→ **Data block**:
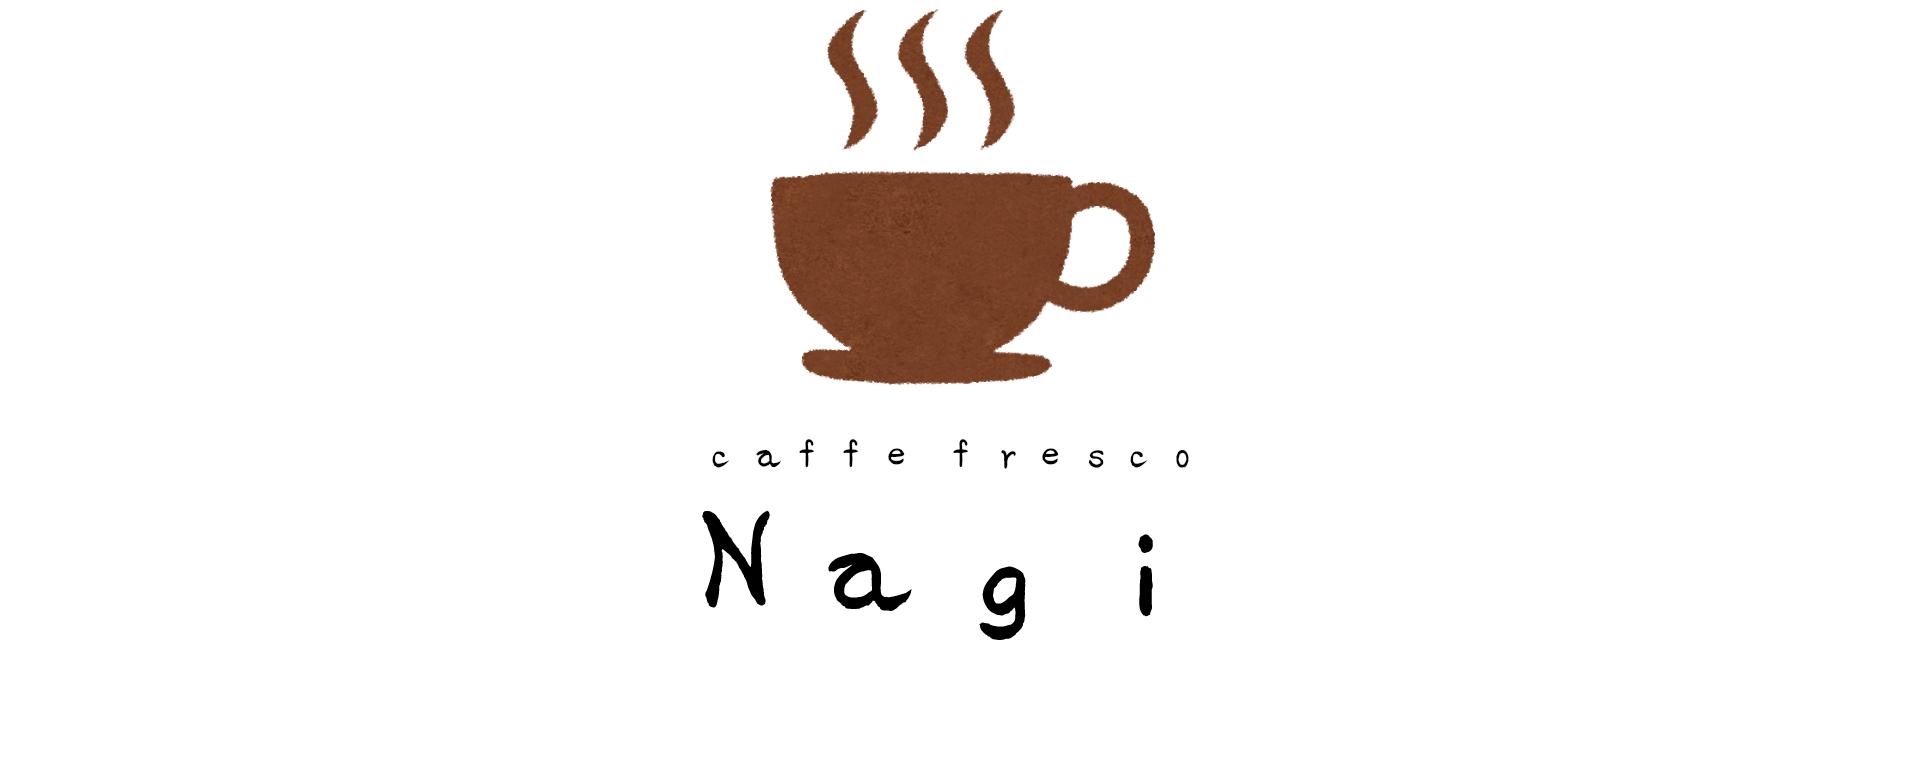 caffe fresco nagi (カフェフレスコ ナギ)広島市西区にあるコーヒーの家庭焙煎教室
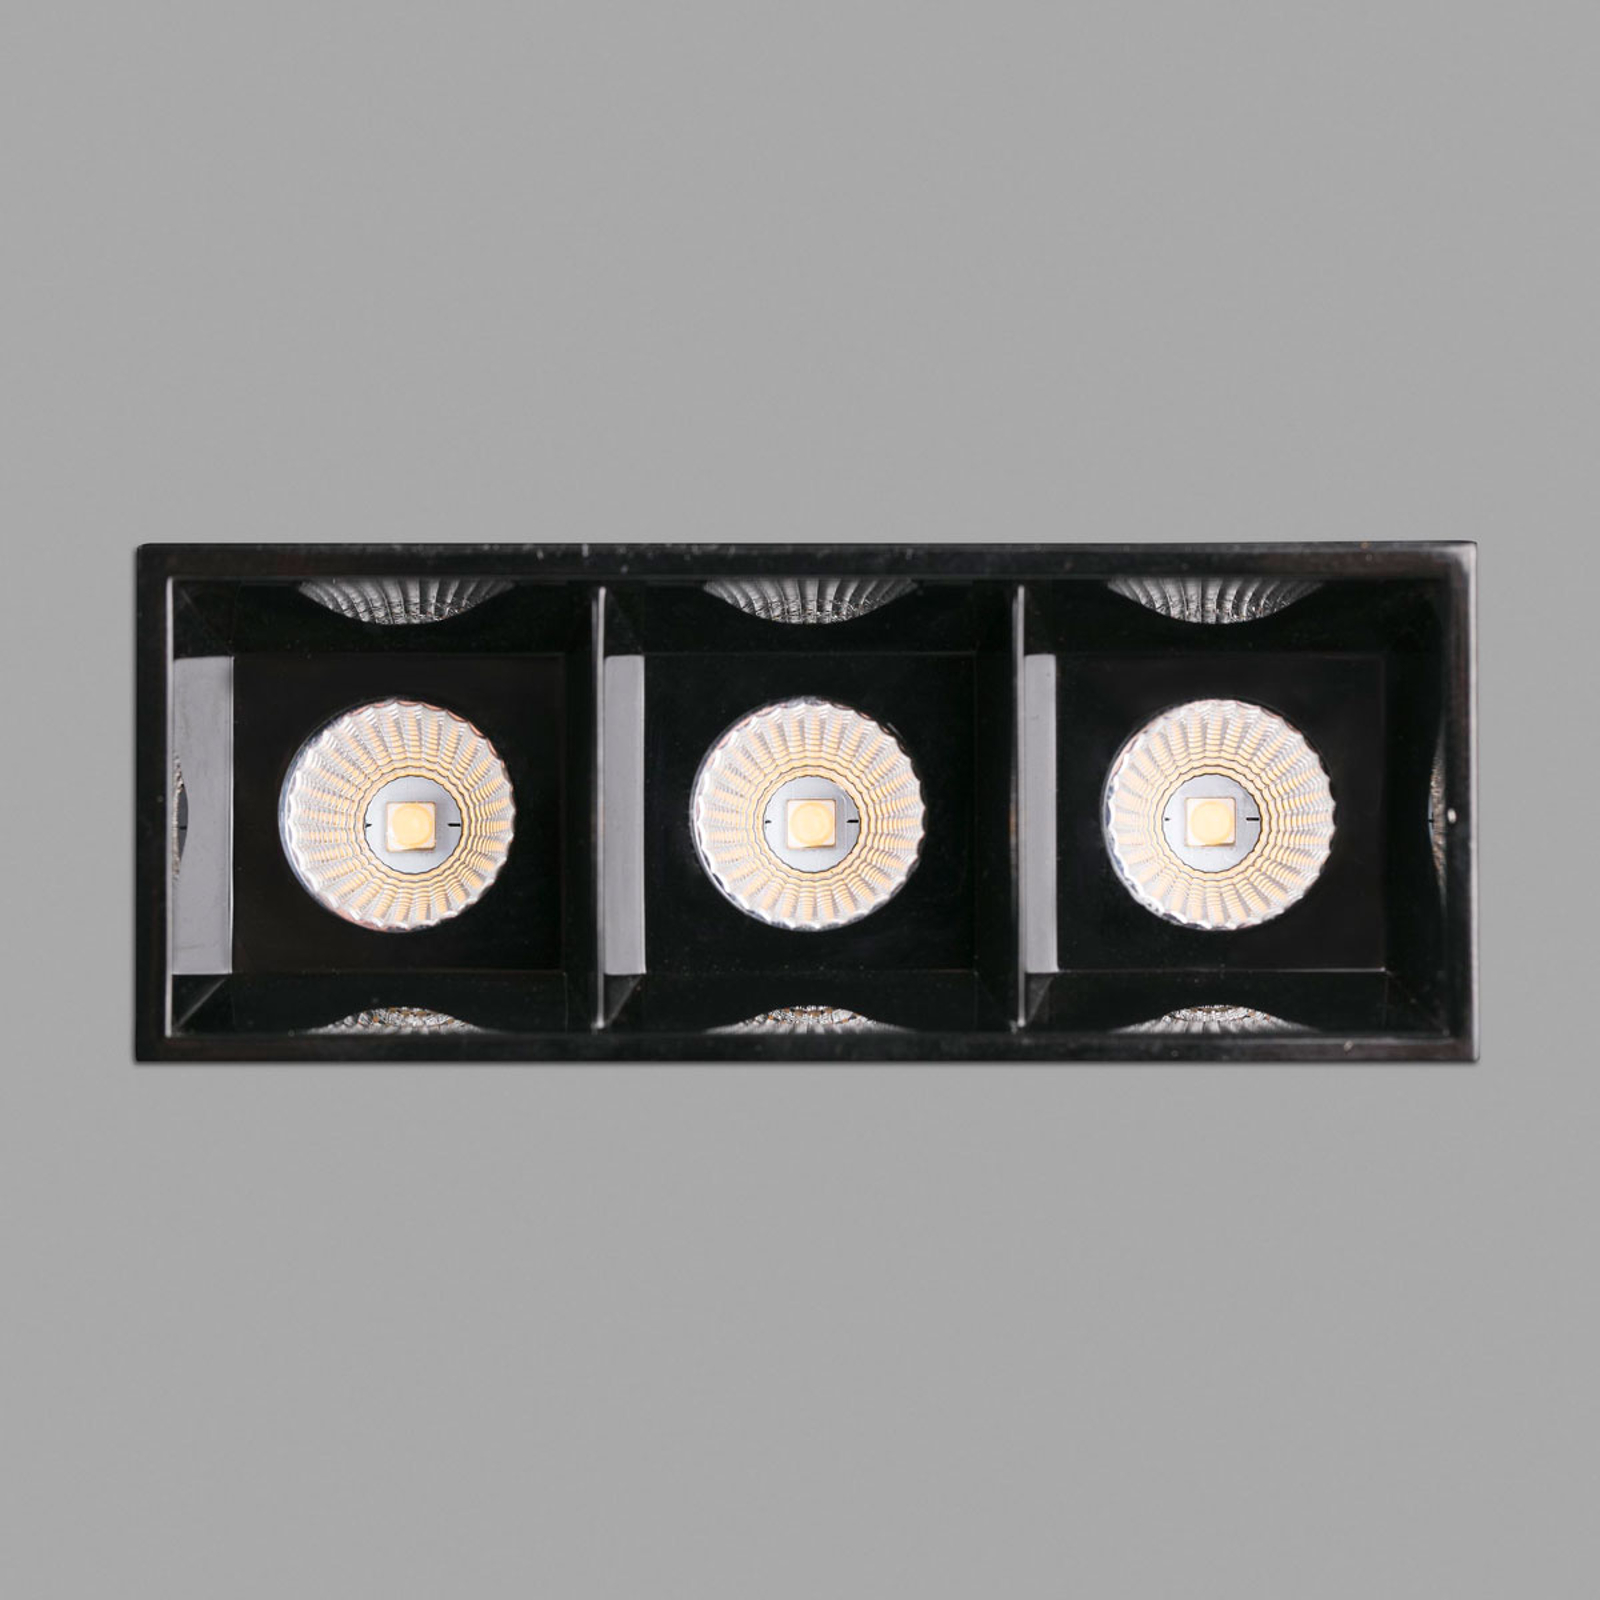 Acquista Spot LED incasso Troop Trimless, 3 luci
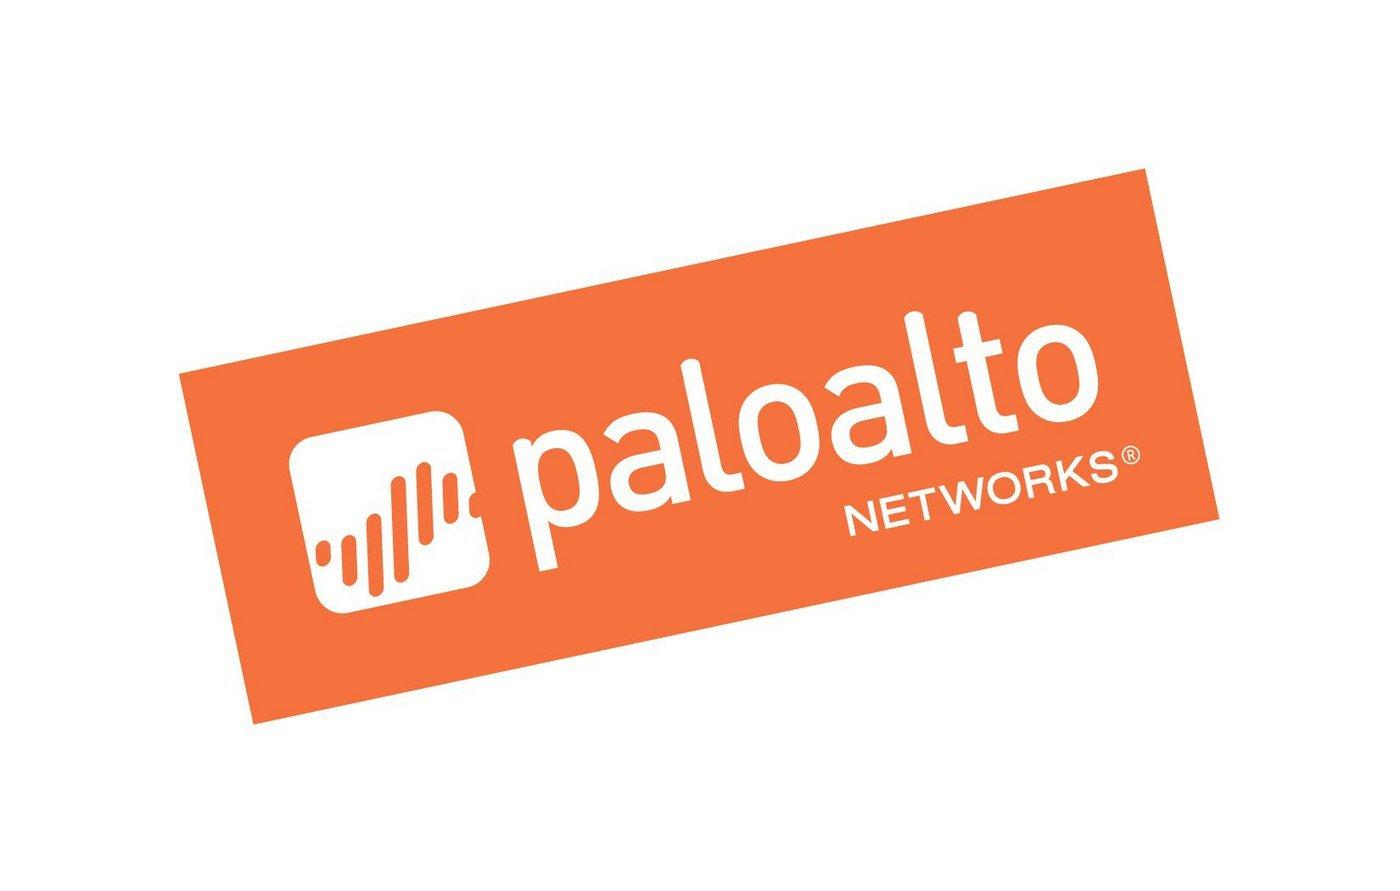 paloatlo-logo-badge-orange-dark-kick-up
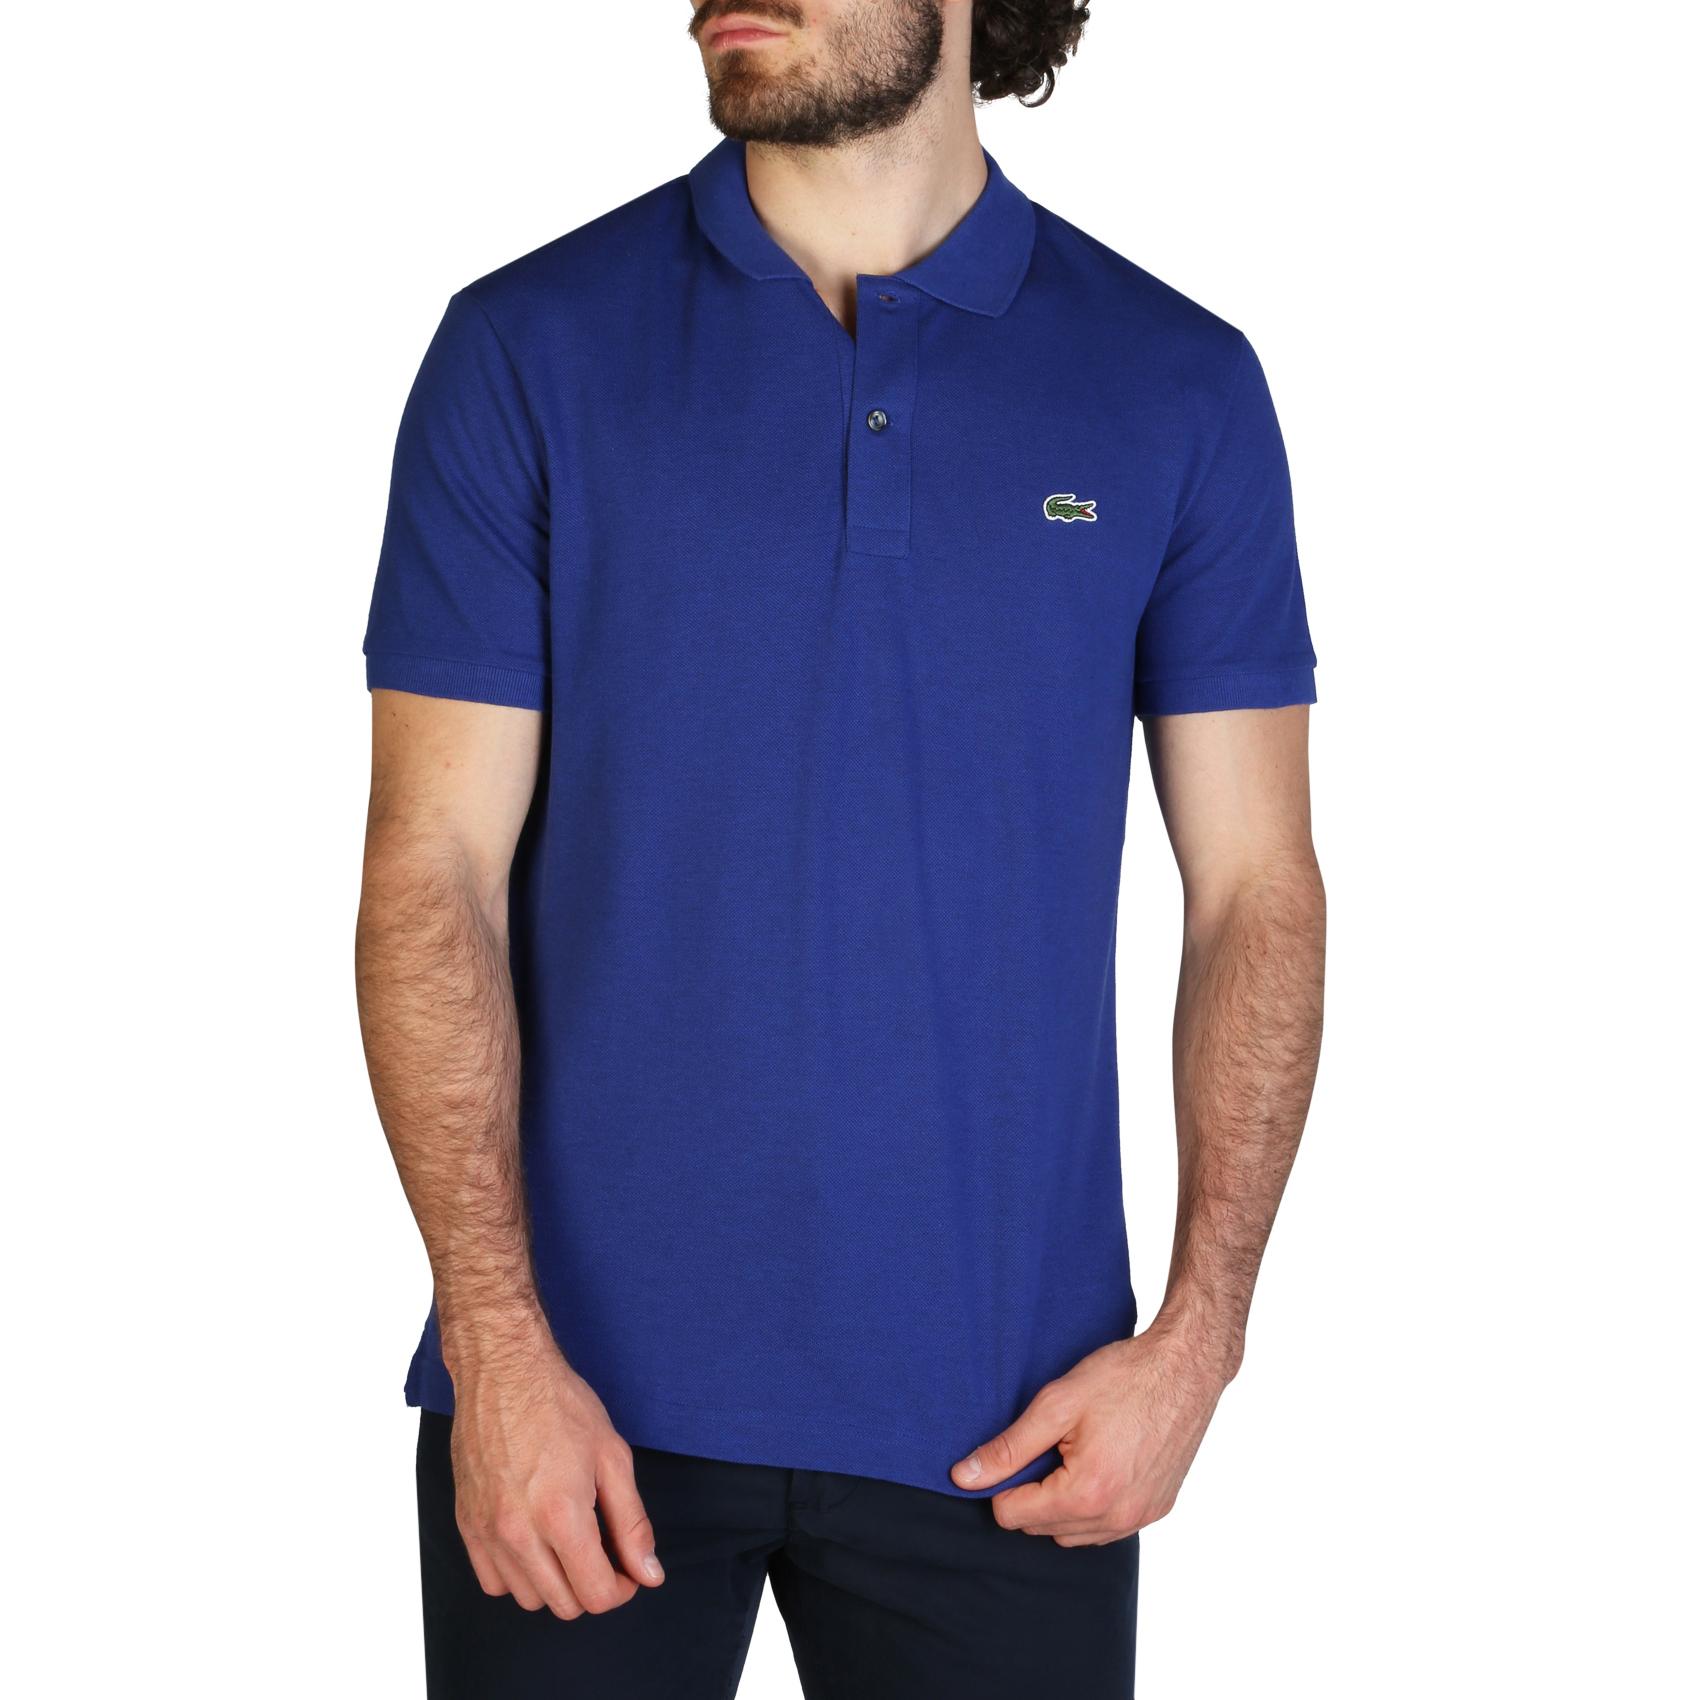 Lacoste - PH4012_SLIM - Blue

→ **Task objective**:
Give back the listing word for word, minus its images.

→ **Task solution**:
 caffe fresco nagi (カフェフレスコ ナギ)広島市西区にあるコーヒーの家庭焙煎教室
 Acquista Spot LED incasso Troop Trimless, 3 luci
 paloatlo-logo-badge-orange-dark-kick-up
 Lacoste - PH4012_SLIM - Blue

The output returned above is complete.